Help Wanted.Any detail on the Australian Tanker William Dampier Build 1968.
Clive.


----------



## john shaw (Jun 23, 2006)

The following from New Zealand Maritime Index:

Vessel Details ( 36 of 66 )

Vessel Name: WILLIAM DAMPIER
Vessel ID: 1385843
Official No: 385843
Vessel Type: Tanker
Illustration: P.2. View of the bulk oil tanker WILLIAM DAMPIER arriving in Sydney.

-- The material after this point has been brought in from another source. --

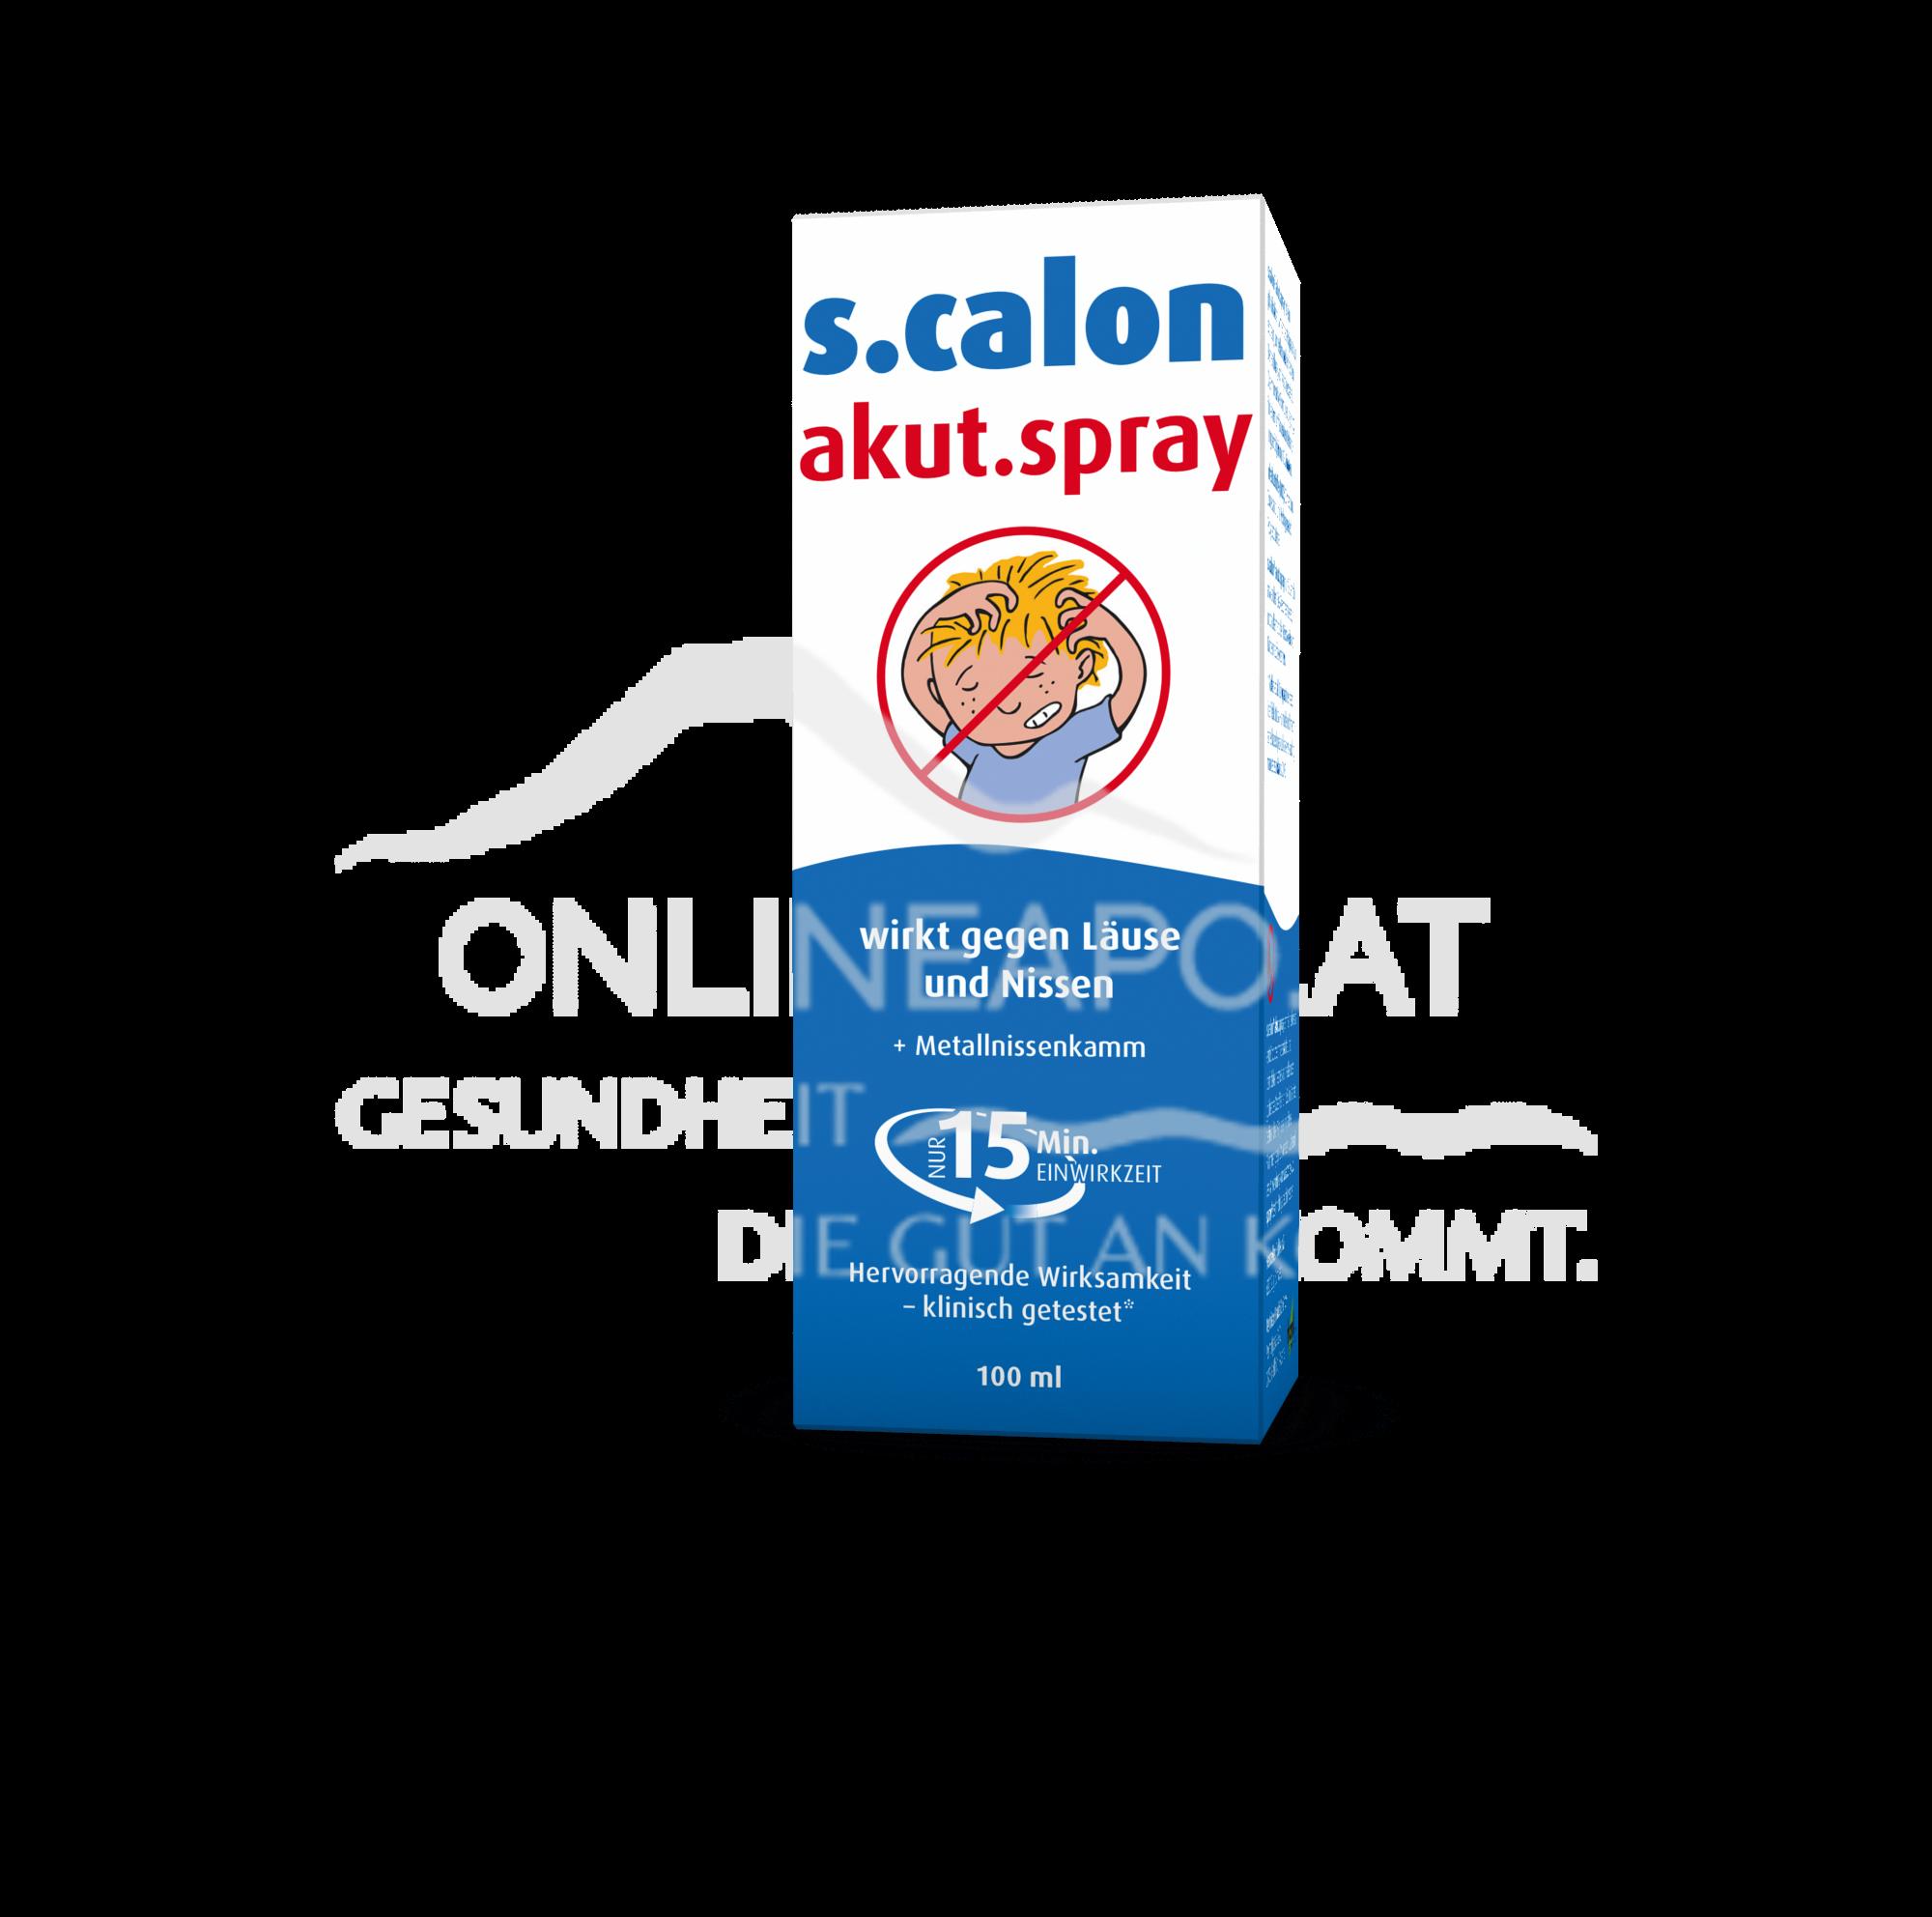 s.calon AKUT Spray mit Nissenkamm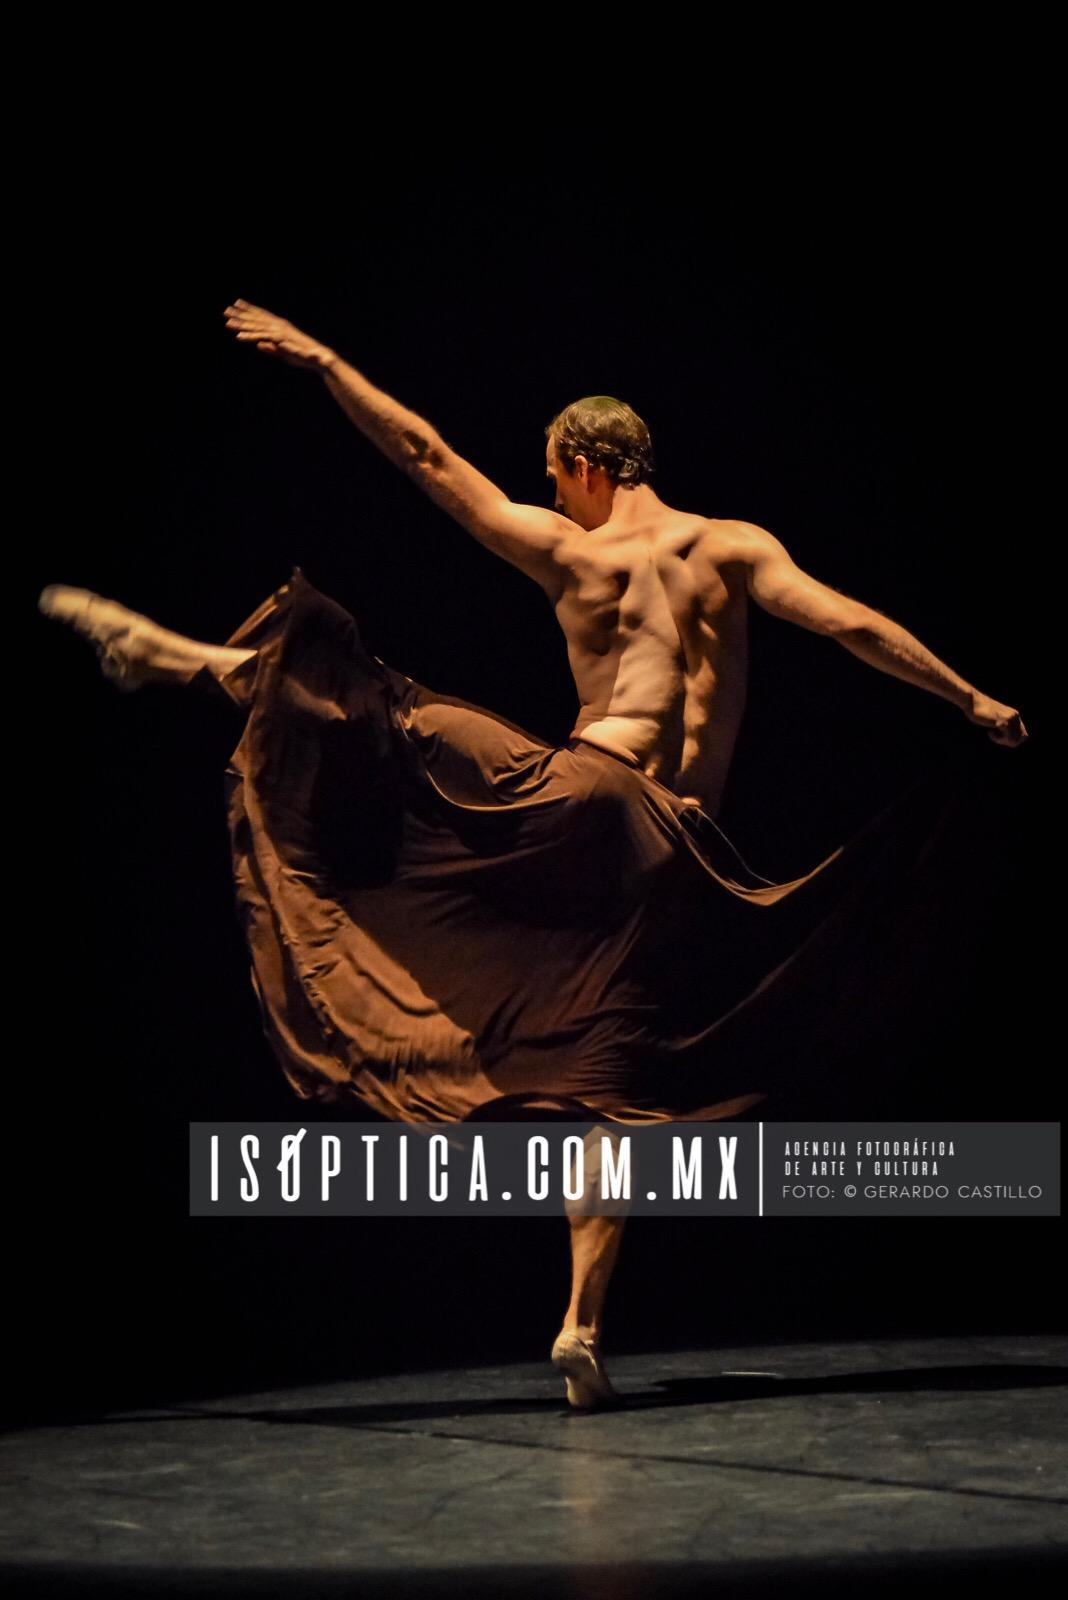 Se presenta la segunda Gala MULTIESTELAR en el Teatro Metropolitano dentro del Ibérica Contemporánea IMG_2110

Source: Ships that serve Australia and New Zealand. 1983 Volume 1 ( Reference ID 888810091 )
Article Title:	[Vessel illustrations from 'The ships that serve Australia and New Zealand. Vol 1.'] ( Fildes, Bob )
Article Abstract:	Illustrations of named vessels have been indexed. Illustrations are black and white unless stated otherwise.


----------



## Ian (Mar 27, 2004)

*Australia Calling Re:William Dampier.*

John. Many thanks your detail is appreciated.I have a very good image that I will post soon, so that's not so much of a problem. Just a bit short of the finer detail,a little bit disppointed with response from the locals down under here this is the third call for information on this vessel. It is not that long ago since she was used in Australia.Seem to met with a blank.
Clive.


----------



## PAT HARCUS (Oct 7, 2006)

*Willy D*



Clive Anthony Fisher said:


> John. Many thanks your detail is appreciated.I have a very good image that I will post soon, so that's not so much of a problem. Just a bit short of the finer detail,a little bit disppointed with response from the locals down under here this is the third call for information on this vessel. It is not that long ago since she was used in Australia.Seem to met with a blank.
> Clive.


I was an AB onthe william Dampier on her 2nd last voyage under the aussie flag.Talk about flags of convenience as the Wd was falling to pieces at an early age .I painted on her deck beside a cement box onthe stbd aft spring winch SHIP REPAIR BY CONCRETE &CO untill the master noticed and got the cadet to paint over it before we arrived at sydney.The WD was only on the coast for just over 4 years and was replaced by the Viking Merlin on the run to mainly Bahrain and Rasta nura back to SYDNEY


----------